PostgreSQL come with some practical capabilities, to connect to a foreign server and process xml data (xpath/xml functions, Foreign Data Wrappers, triggers...).
Some colleagues do that data transfer from Central's database to their main one with an ETL. The kettle example on the forum is a good one : Automating Data Delivery using the OData Endpoint in ODK Central
But I wanted to try to keep the data work-flow as "simple" as possible such as two databases talking together.
We will work through a Foreign Data Wrapper over ODK Central's database with an unprivileged user (SELECT only on Central's tables).
The form we use for this test is the one described here
The form contains 2 nested repeats (the first for locations (localite), the nested one for observations)
CREATE EXTENSION postgres_fdw;
CREATE SERVER odk_central
FOREIGN DATA WRAPPER postgres_fdw
OPTIONS (host 'aaa.bbb.ccc.ddd', port '1234', dbname 'odk');
CREATE USER MAPPING FOR local_user SERVER odk_central
OPTIONS ("user" 'odk_reader', password 'odk_pwd');
/* odk_user exists on Central's server, with only connect to the database, usage to the schema and select rights on odk tables */
CREATE SCHEMA odk_central
AUTHORIZATION dba;
IMPORT FOREIGN SCHEMA public LIMIT TO (forms, form_defs, form_fields, submission_defs, submission, submission_attachments)
FROM SERVER odk_central INTO odk_central;
SELECT * from odk_central.forms /* to try ;-) */
Now we can query the listed tables.
Let's investigate how Centr'al stores our submission data :
Forms structure is very well described in the database :
SELECT path, form_fields.name, type, "binary", "order"
FROM public.forms JOIN public.form_defs ON "formId" = forms.id
JOIN public.form_fields ON "formDefId" = form_defs.id
WHERE forms.name = 'Sicen2020' AND version = '14'
ORDER BY "order"
Will return each field of the form, numbered from 0 to the last one appearing in the form.

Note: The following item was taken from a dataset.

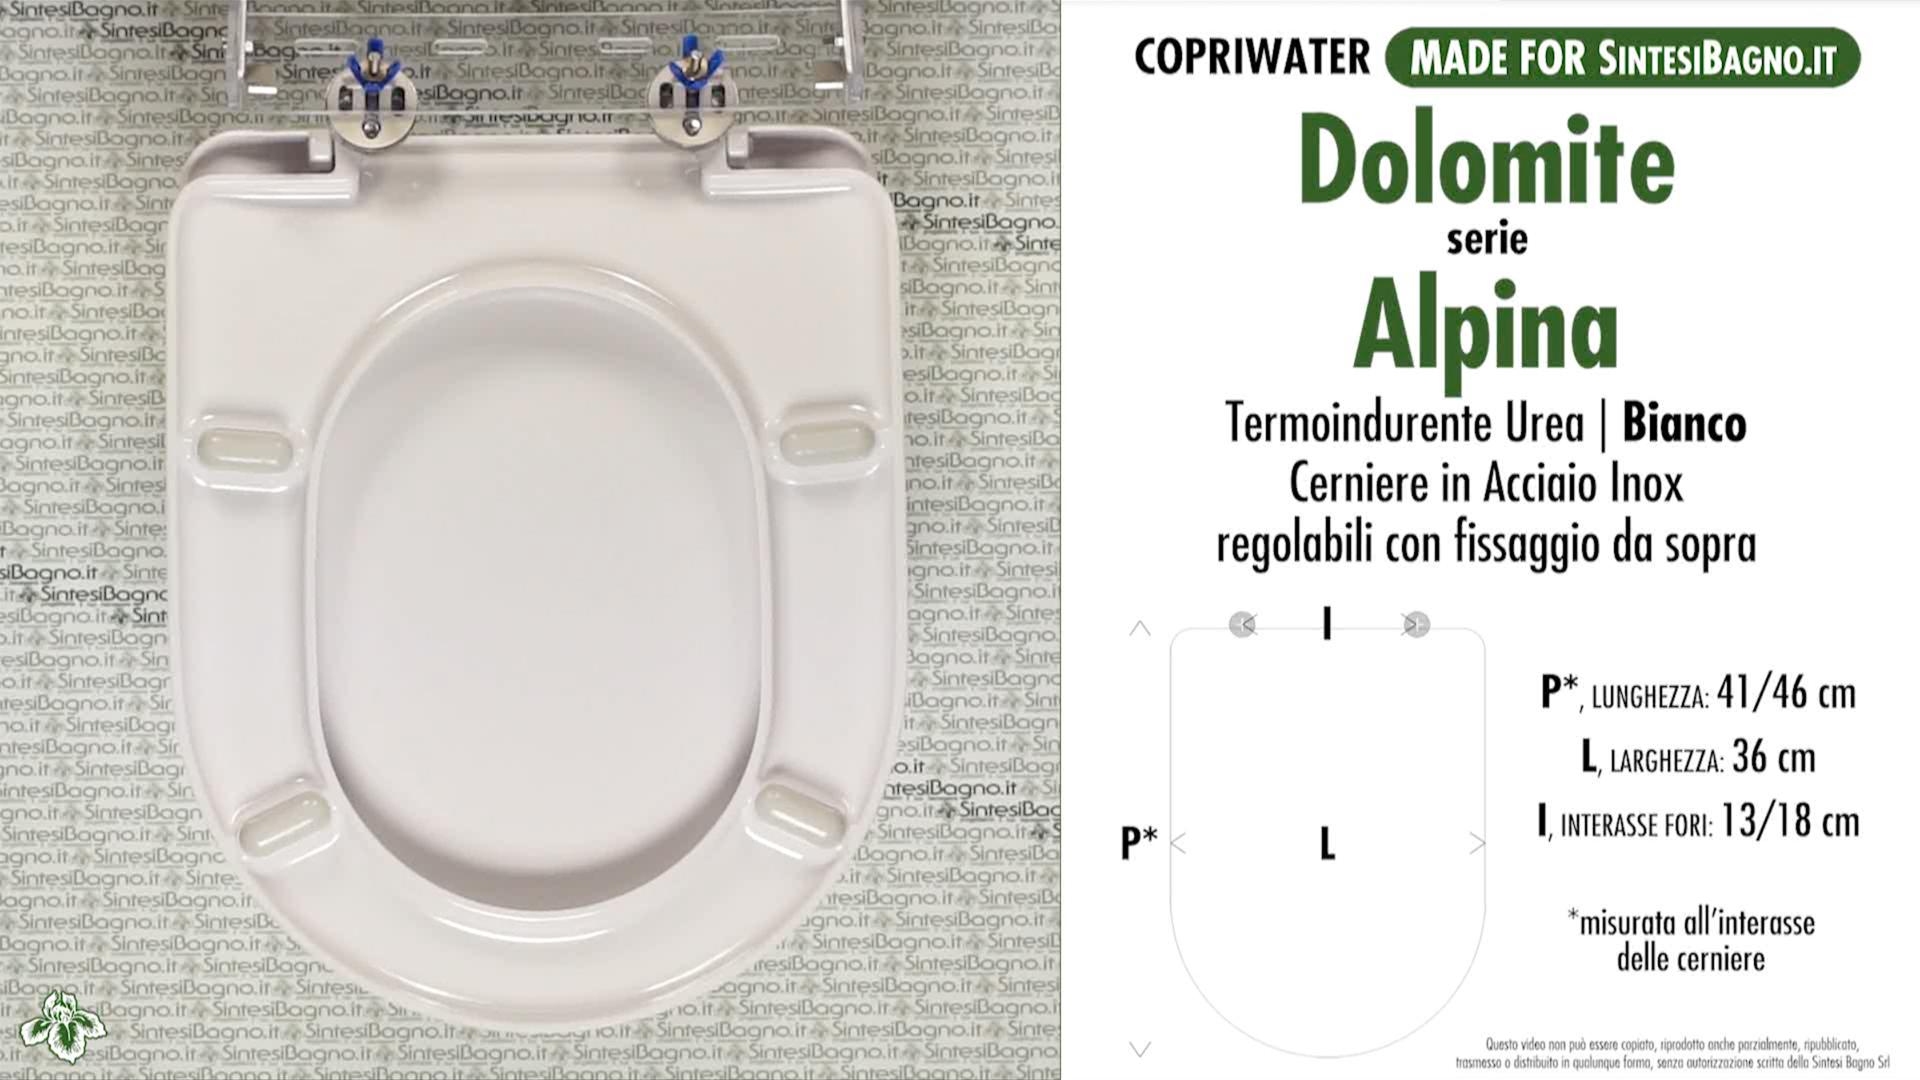 SCHEDA TECNICA MISURE copriwater DOLOMITE ALPINA

Repeats are typed as 'repeat' (type column) and groups are typed as 'structure'.
Every other form element is typed (string, decimal, integer, datetime, geopoint, geotrace, geoshape...)
And its path from the beginning of the xml entity is mentioned in the path column. So we can now try to generate tables from xml, as in aggregate, the root one (xxxx_CORE) and its child, sometimes nested.
We will use the xmltable() function, available since PostgreSQL 10.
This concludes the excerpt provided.